HIV is considered a pandemic in South Africa, where the new trial takes place. Photograph: AP
The first new trial of a potential vaccine against HIV in seven years has begun in South Africa, raising hopes that it will help bring about the end of the epidemic.
Although fewer people are now dying from Aids because 18.2 million are on drug treatment for life to suppress the virus, efforts to prevent people from becoming infected have not been very successful. The infection rate has continued to rise and experts do not believe the epidemic will be ended without a vaccine.
The vaccine being tested is a modified version of the only one to have shown a positive effect, out of many that have gone into trials. Seven years ago, the vaccine known as RV144 showed a modest benefit of about 31% in a trial in Thailand.
That trial was controversial because the vaccine was a combination of two, called AidsVax and ALVAC, which were already 15 years old when it began. One of them, AidsVax, had failed in a trial on its own. The RV144 trial was very large – more than 16,400 Thai men and women without HIV took part, randomly assigned to receive either the combined vaccine or a placebo injection. At the end of the three-year trial, 125 people had become infected – 51 who had received the vaccine and 74 who had not.
But researchers chasing the holy grail of a vaccine think they could have better success in South Africa, because of a number of modifications. The new trial, called HVTN 702, has just begun to enrol the first of 5,400 men and women aged 18-35.
“HIV has taken a devastating toll in South Africa, but now we begin a scientific exploration that could hold great promise for our country. If an HIV vaccine were found to work in South Africa, it could dramatically alter the course of the pandemic,” said Dr Glenda Gray, chief executive of the South African Medical Research Council, which is involved in the study.
“It’s an important trial to do. I’m very pleased that we were able to get it off the ground,” said Dr Anthony Fauci, director of the National Institute of Allergy and Infectious Diseases in the US that is co-funding the trial.
The Thai trial’s modest success was in people at low risk of HIV infection. “We have always said that if a vaccine is going to be ultimately effective, it is going to have to prove itself in a relatively high-risk group. So we always had the intention of extending and extrapolating the principle of the RV144 study to a setting such as southern Africa,” said Fauci.

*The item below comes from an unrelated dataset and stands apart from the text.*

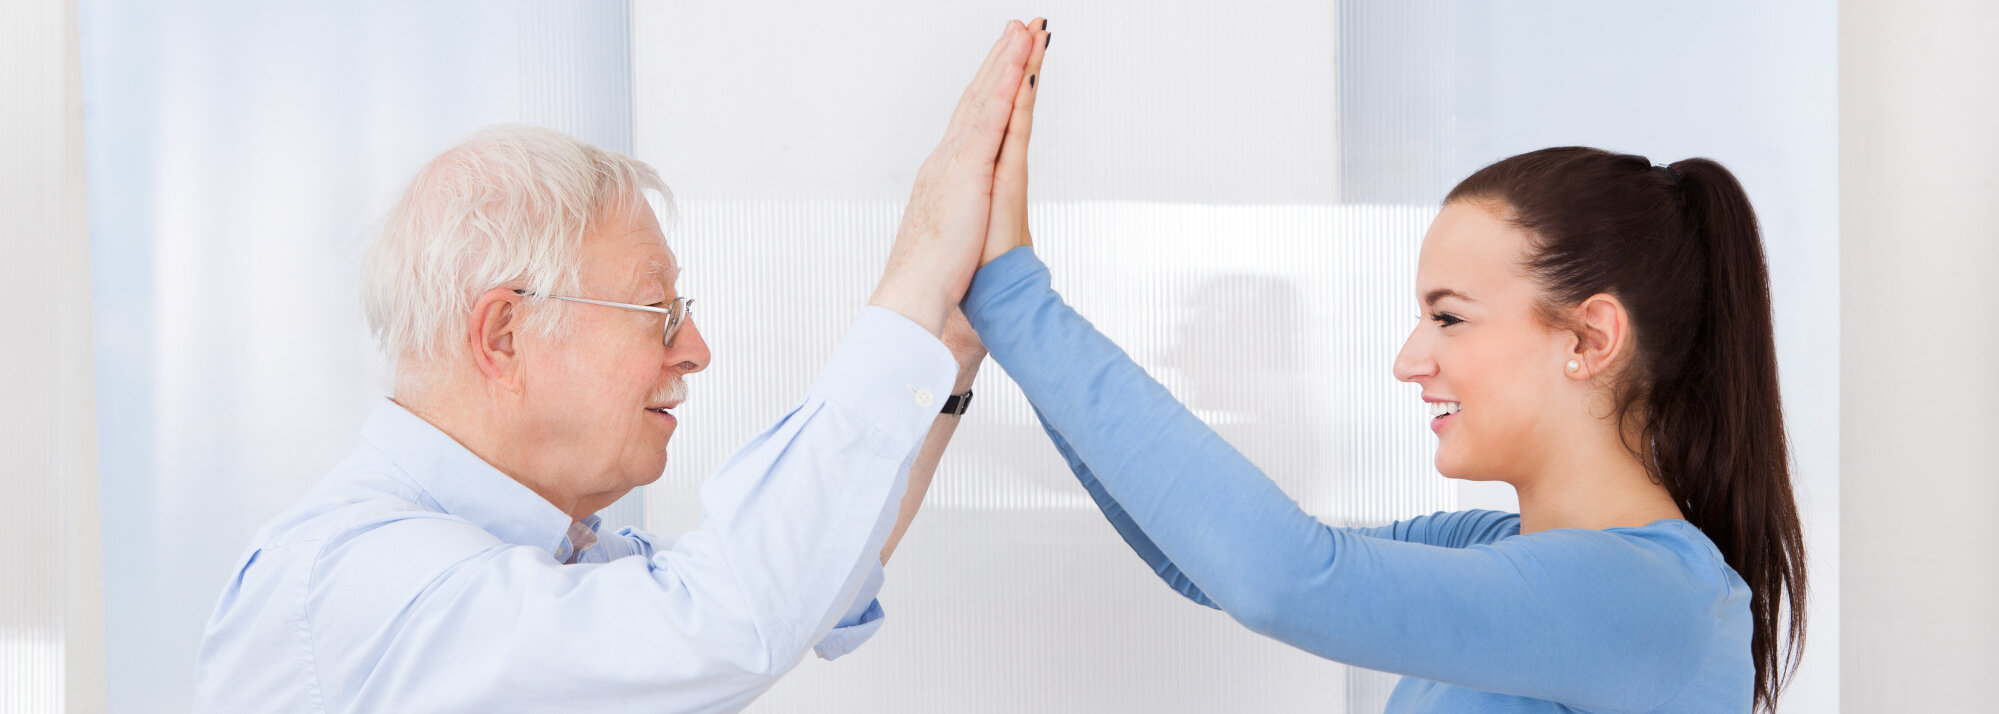 Seitliche Aufnahme eines älteren Herren in weißem Hemd und einer jungen Frau in einem hellblauem Langarm-Shirt. Beide lächeln sich an, strecken ihre Hände in die Höhe und berühren sich gegenseitig mit den Handflächen.
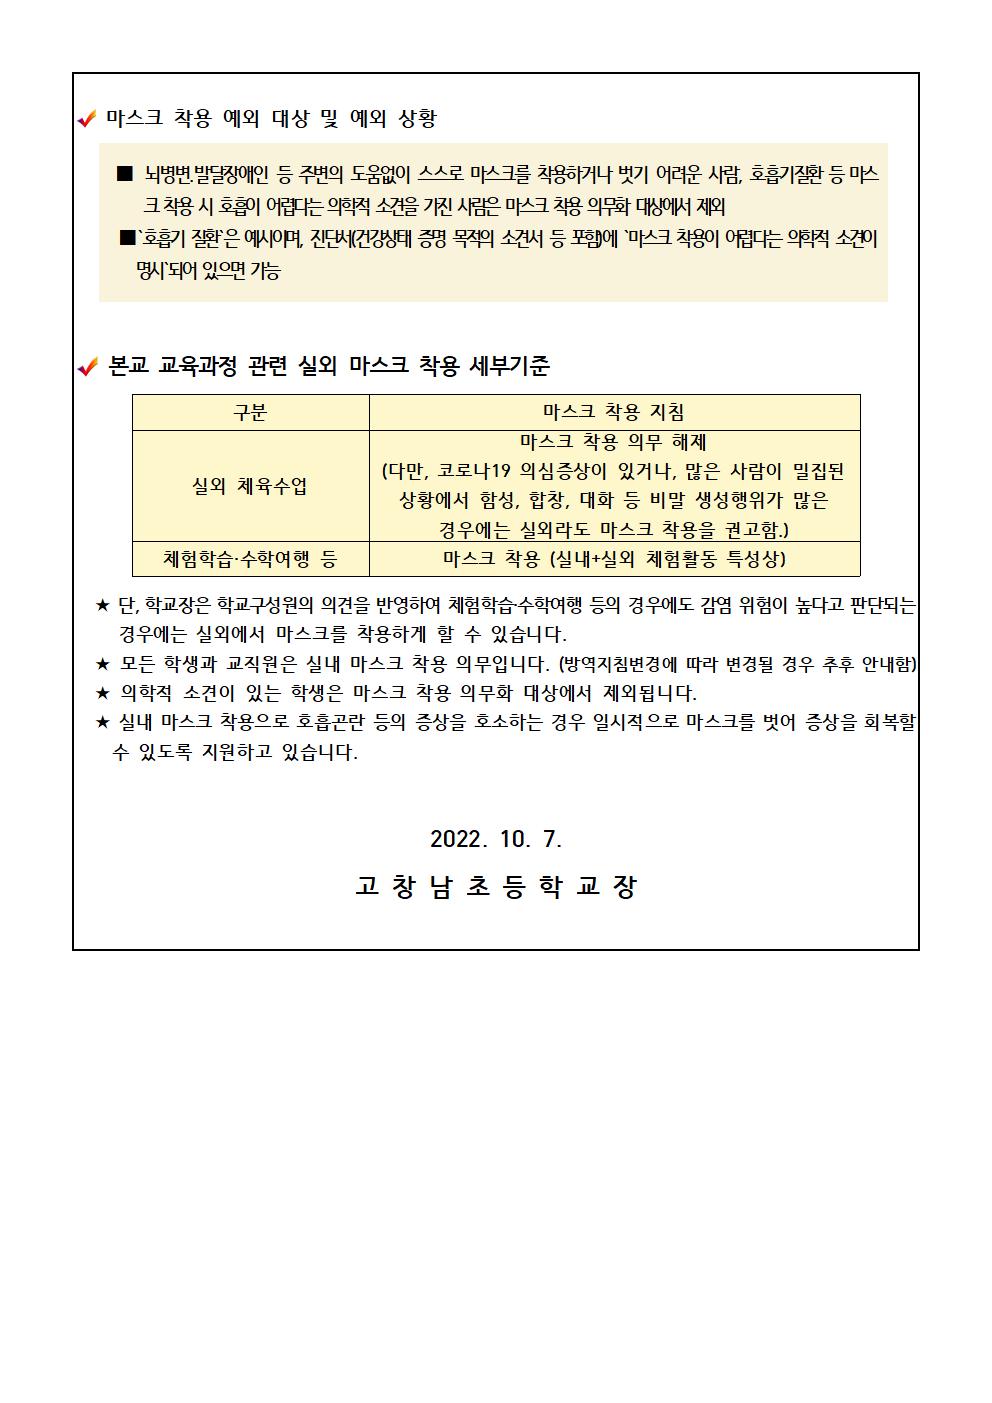 코로나19 감염예방 관리지침8-1판) 개정사항 안내(고창남초)002

The aspiration is to push the effectiveness up from 31% to between 50% and 60%, he said. “Obviously we’d like it to be 90% but that is probably asking too much given the complexity of HIV and the body’s immune response to it,” he said. If they could get a vaccine of at least 50% efficacy for use in combination with other prevention tools, such as condoms, antiretroviral drugs and circumcision, “that will be a major, major advance”, he said.
The modified vaccine uses an isolate of the virus that circulates in southern Africa, called the C clade. There will be more booster shots of the vaccine and the use of an adjuvant to enhance the response of the immune system. Volunteers will get five shots of the vaccine and three boosters – a schedule that the researchers will look to slim down for use in the real world if it is successful.
Prof Linda-Gail Bekker, of the University of Cape Town and president of the International AIDS Society, who is also involved in the study, said the result from the Thai trial, although only 31% “made those of us in the HIV vaccine world quite excited”. For the first time, it looked as though a vaccine was possible.
“Pretty soon after the trial, the world started to galvanise to decide what we needed to do,” she said. The epidemic in Thailand was abating, so with a low rate of new infections, it was not the best place to study the vaccine further. “We recognised we had to come to southern Africa to do the trial, so we had to modify the vaccine product.”
The aim of the new trial is to produce evidence for the regulators and obtain a licence for a vaccine. “Probably the magic number is 50% at three years,” she said. “I think nobody will be very interested in a vaccine that is less than 50%.” A vaccine with lower efficacy could be a problem if people assume they are protected and take no further precautions against HIV. But a vaccine with 50% efficacy could make a big impact, she said.
At least two-thirds of the participants will be women, who are more likely to get infected at that age than men. “The toolbox is in desperate need of something like this. We remain very optimistic,” said Bekker. “We are constantly aware of the desperate need and very excited that we are finally getting on and trying something again now.
“We’ve never treated our way out of an epidemic. There’s no doubt we have to have primary prevention alongside treatment in order to get HIV control, but we are not going to get HIV eradication without a vaccine. That is very clear.”